Wow, that does suck. I don't have a degree. On the other hand it might not be the worst thing for me to help people for minimum wage. It's not like I have a big career alternative.

Crow, I see you know all the concepts and understand them very well. Yes, in ACA they call the cure "self-parenting". I've had problems with that concept but the program works really well, and nothing else has, even therapy. I can't say enough bad things about therapy, but that's for another thread. I was in some yahoogroups for toxic and narcissistic parents, those helped too, I know it's cheesy, but they did, because no one is willing to talk about this stuff and that's the only thing that has helped me -- talking about it with others who really understand and have the same experience. Like this board really seems to be helping me with the loneliness. I guess it's a matter of validation, so it really fits in with an approval thread. It also makes me wonder: is all loneliness a lack of approval? Is that redundant, even? I actually started this topic because the lack of approval makes me completely nonfunctional in most respects, and lack of approval has to do with loneliness..so I had a personal twist to it, but now I wonder if the approval issue is really the heart of the loneliness issue and if that part of it applies to everyone.

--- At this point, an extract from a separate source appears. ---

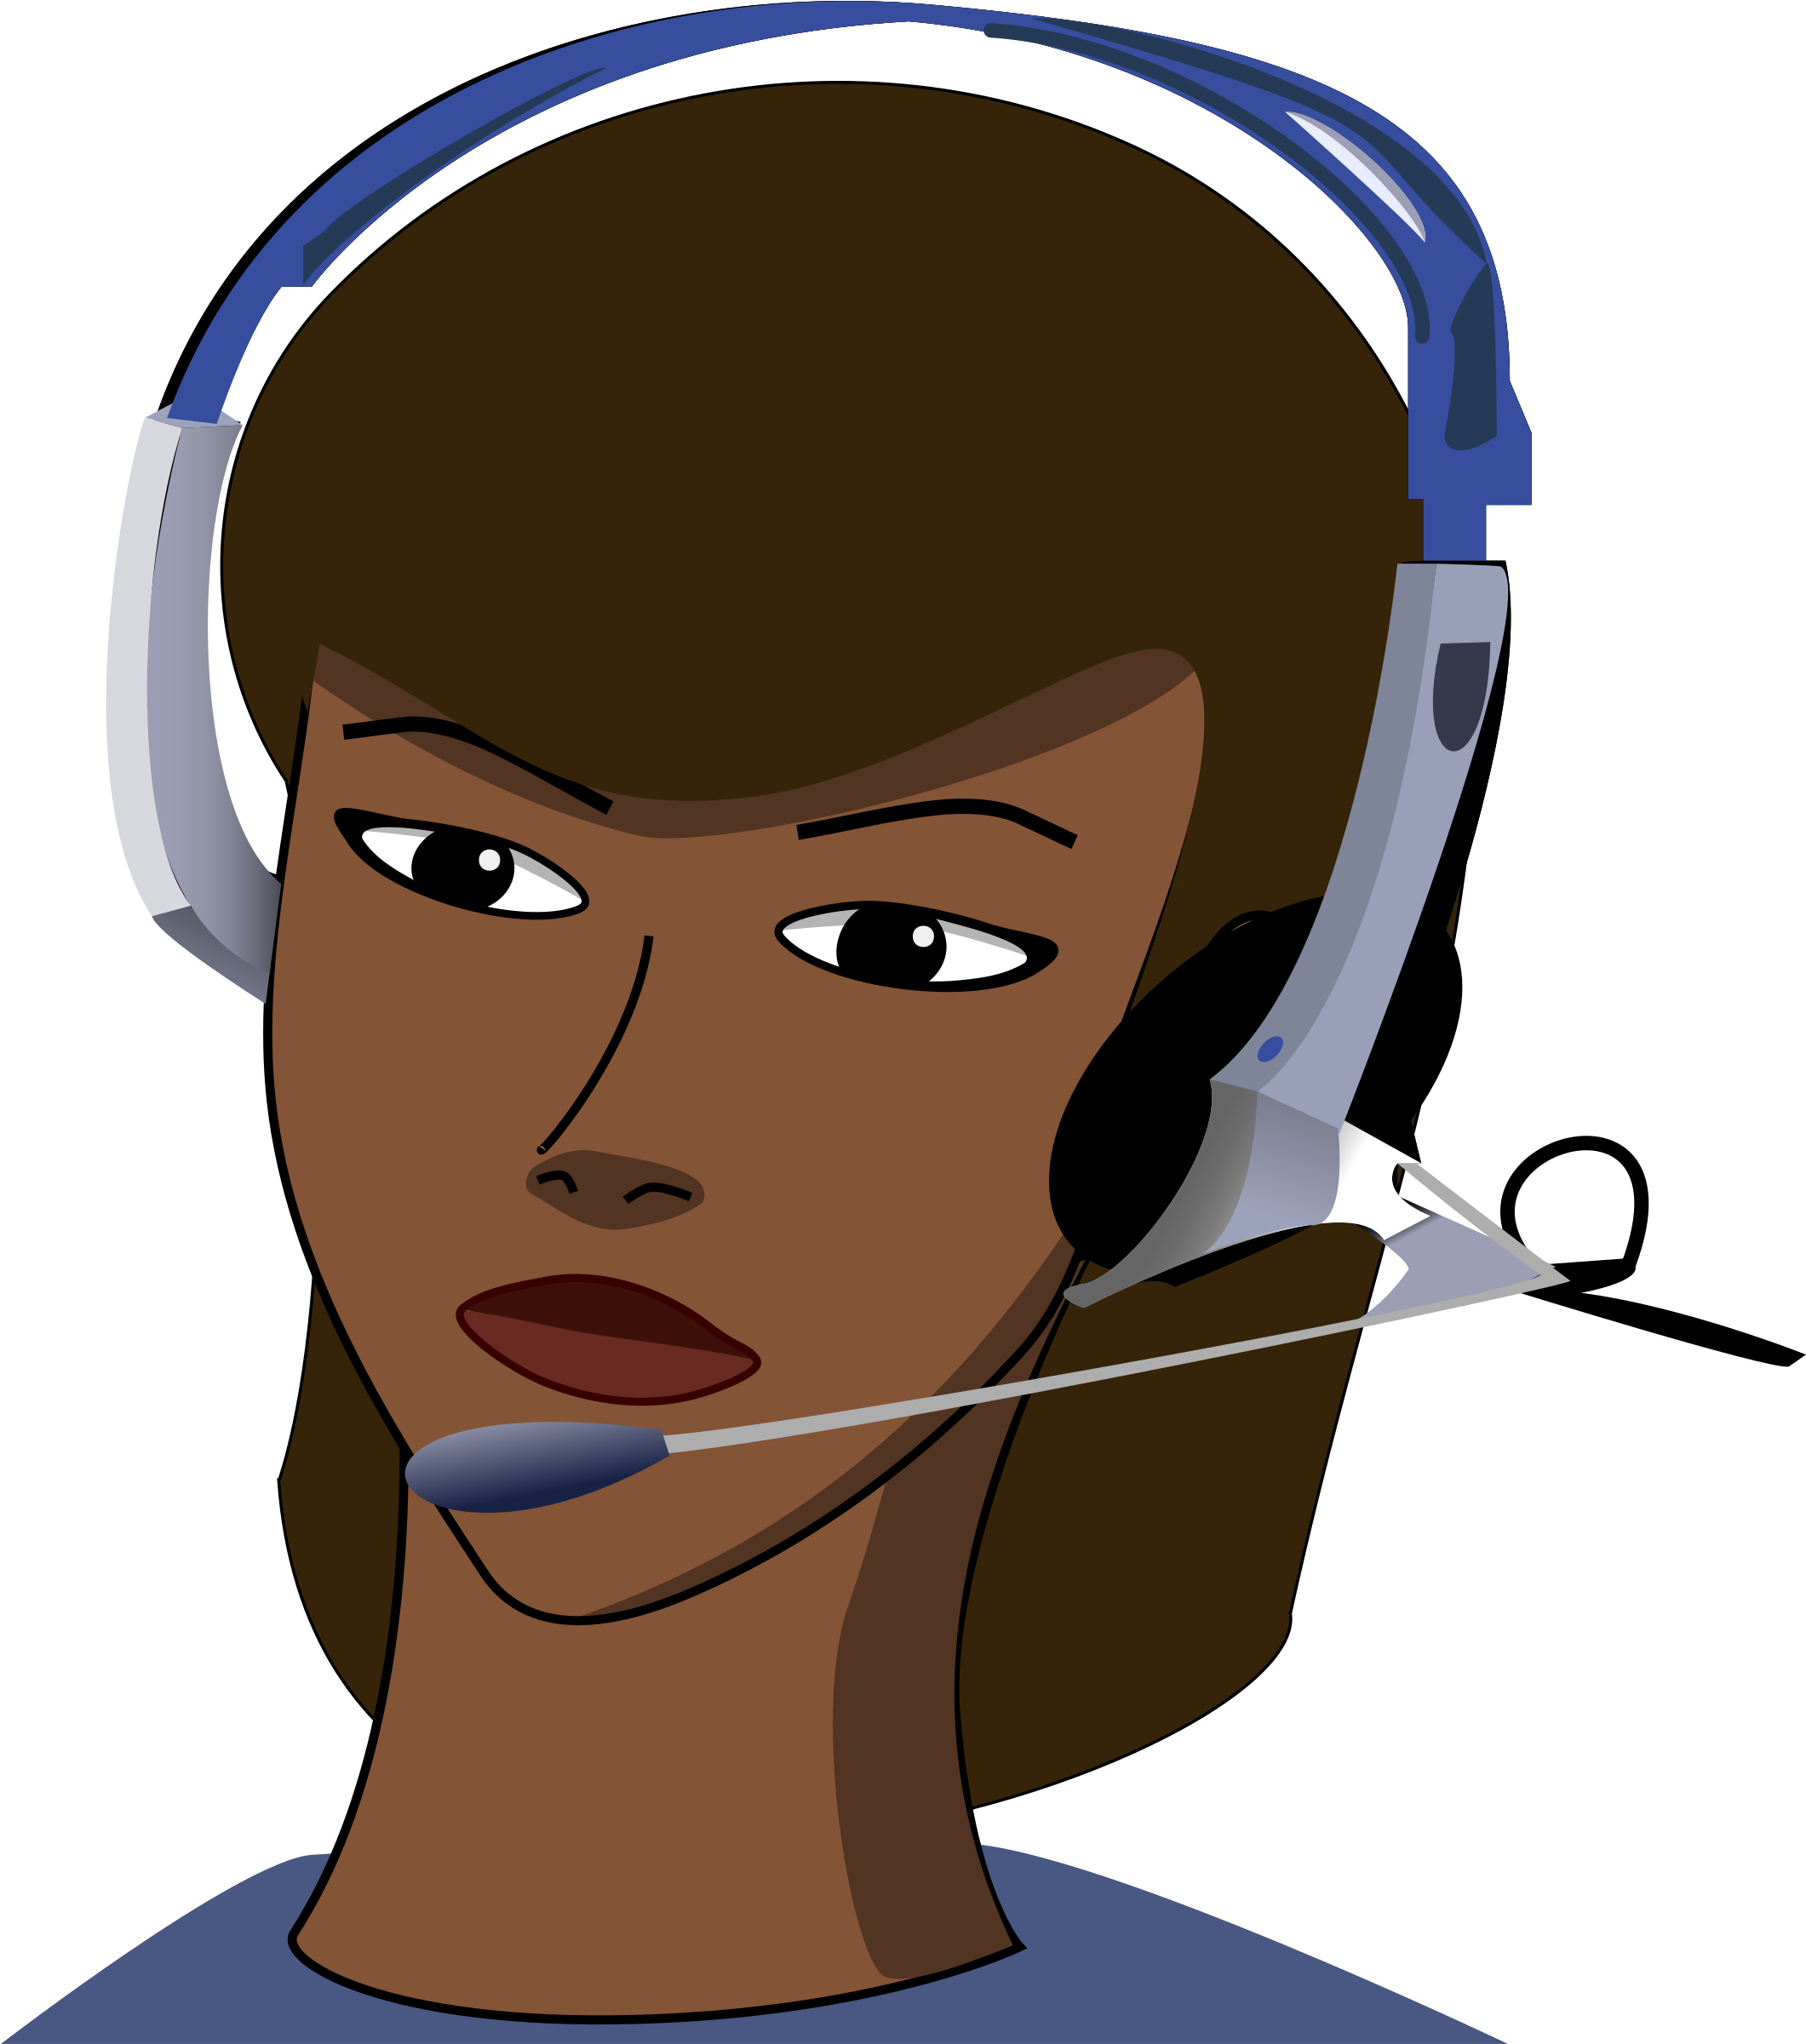 Call-centre - Call Center Person Animated (2131x2400)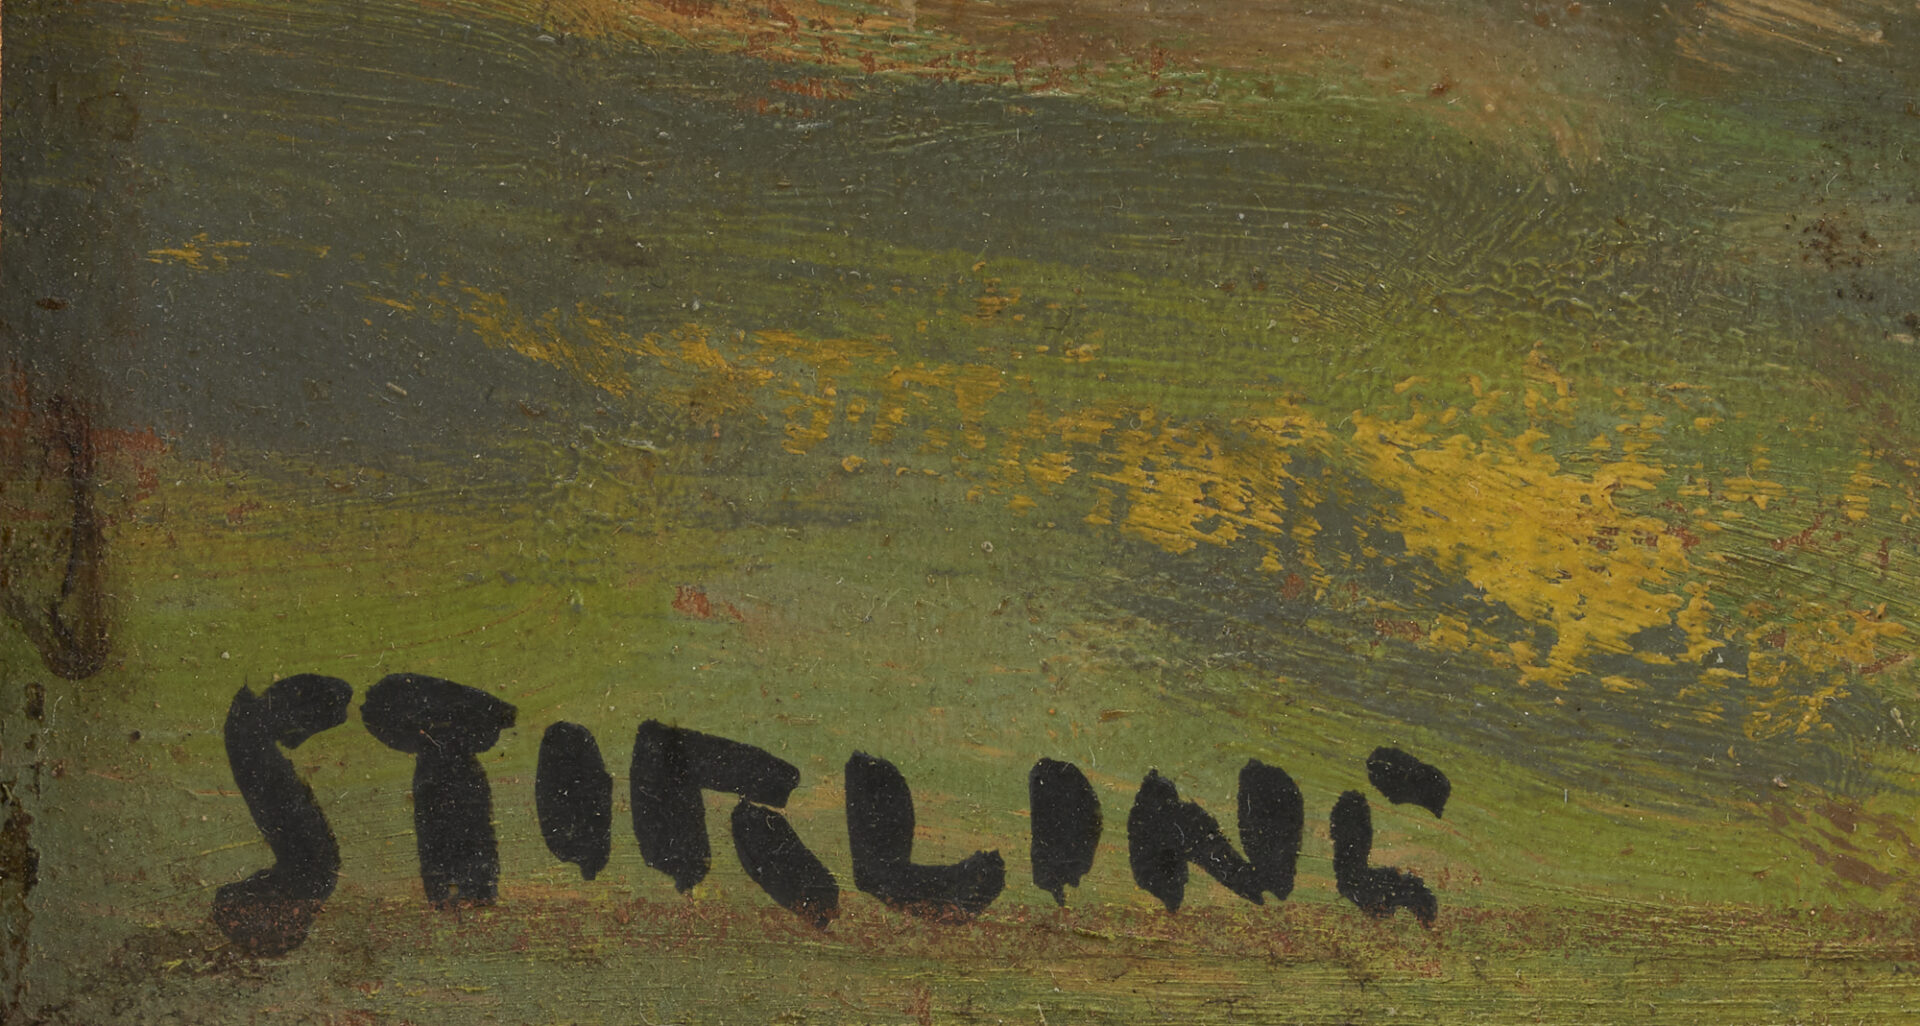 Lot 833: David Stirling O/B Mountain Landscape Painting w/ Aspens

For some reason, I stop getting notices in my email about new replies at some point in a thread, so I haven't seen these till today.
 
I'm having a panic attack about calling this woman back who called me after I sent her a job app. Panic for me is ontological insecurity, and ontological insecurity is loneliness. But most doctors say there's no relationship.
 
Do you need approval so that you can survive or so that you can survive happily? There is a difference.